In an instant he's back in the room, smiling. He tells me to put my shirt back and I remember how to ask 'How much?' in broken Japanese. Looking back on the scene I must've appeared like a first time prostitute without much confidence: standing shyly after an unpleasant experience and snapping my shirt back on while hoping that he'll cut me a fair price.
To set a fair comparison, Wilkes Regional Medical Center gave me a quote. $148 dollars for the x-ray plus technician's fees and 3 days to process.
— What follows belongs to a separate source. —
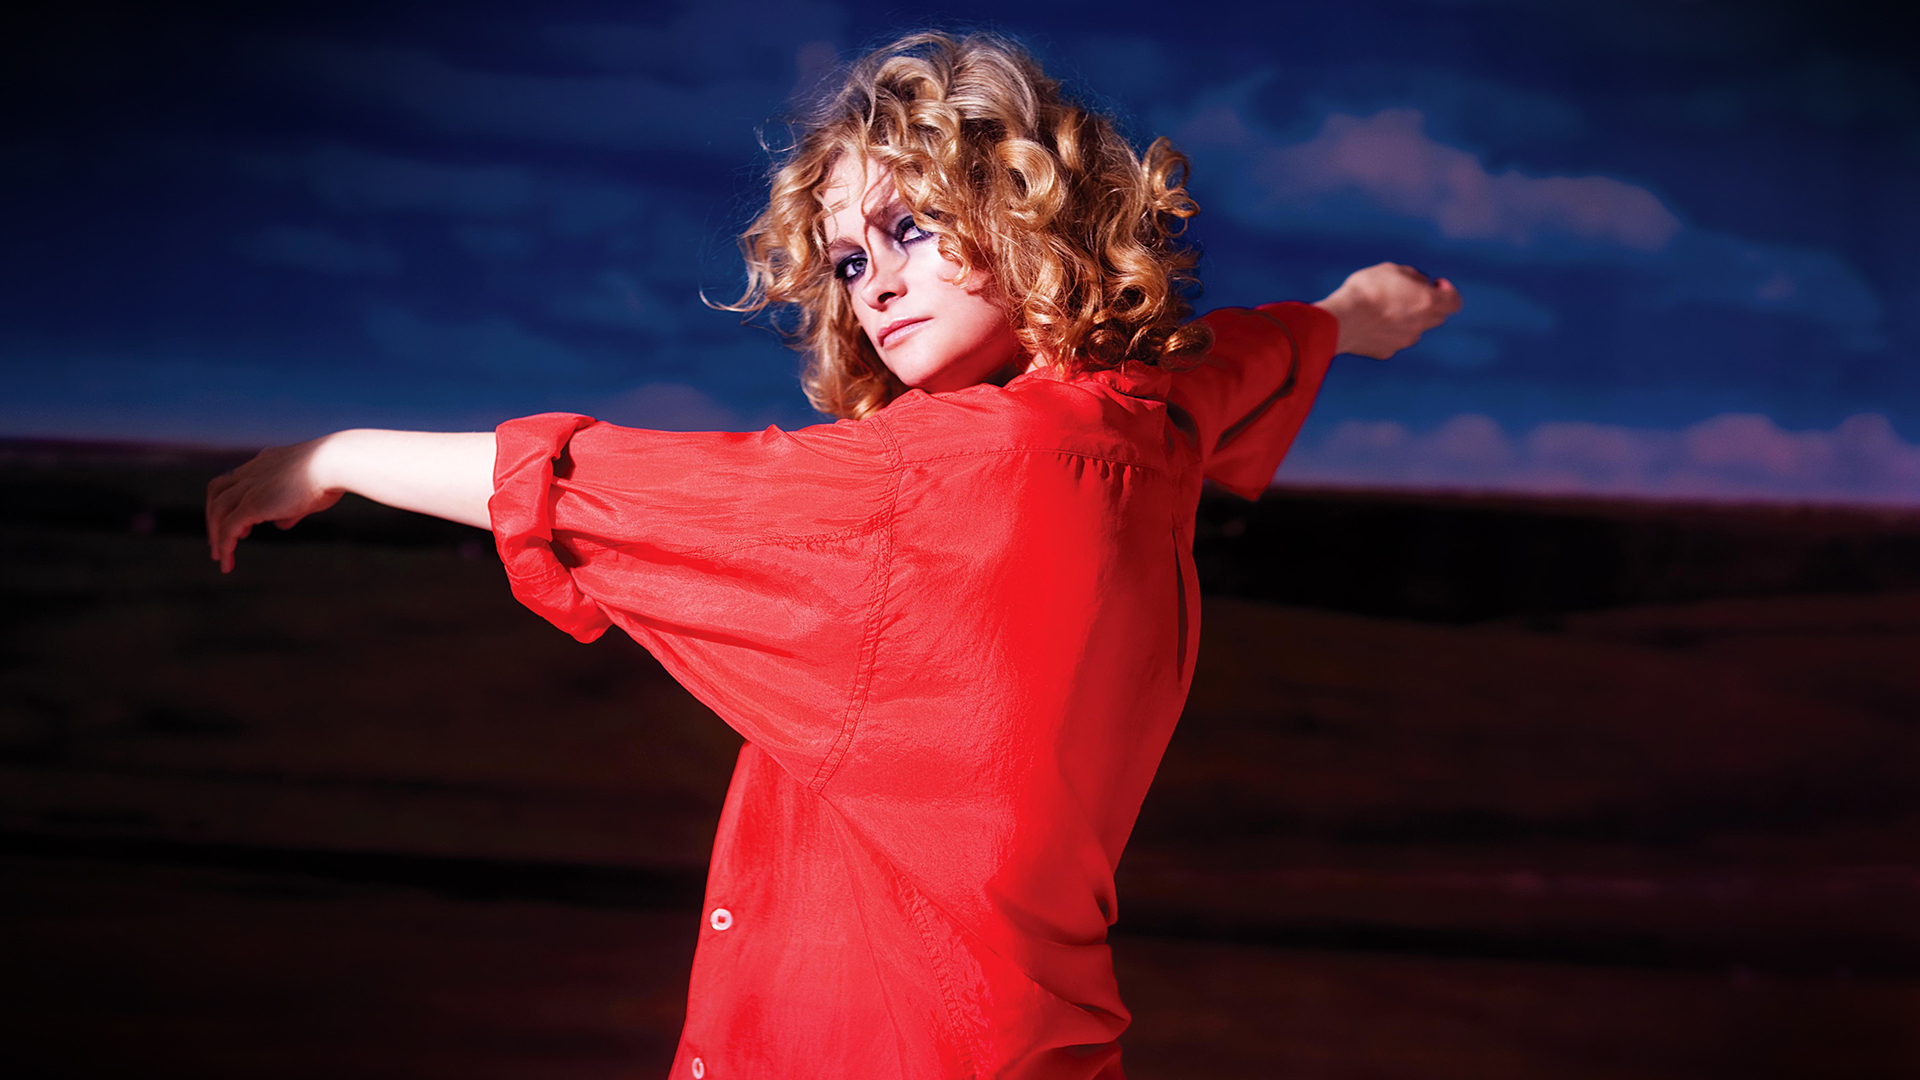 Download mobile wallpaper Goldfrapp, Music for free.

The doctor told me it would be 2,000 yen, roughly 20 US dollars, and if I waited for 5 minutes, then the receptionist would bring everything I needed right out.
Sure. I can live with that.

Sunday, September 14, 2008

The Begining

My name is Nathaniel Hanks: 22 years old, tall and adorable. I grew up in western North Carolina, graduated from Appstate University and put on my big boy pants to find a job that pays. The job, teaching english as a second language to kids and adults in Osaka, Japan. Will I exploit this unique opportunity of mine to create some entertaining blogtent? Yes. Did I make up the word blogtent? I think so. With the introduction aside, let it begin. Cultural friction, Big city livin for a kid from the sticks, Ninja Warrior ambitions and the fumblings of a foreigner all swirl together in a perfect storm of material. Kampai!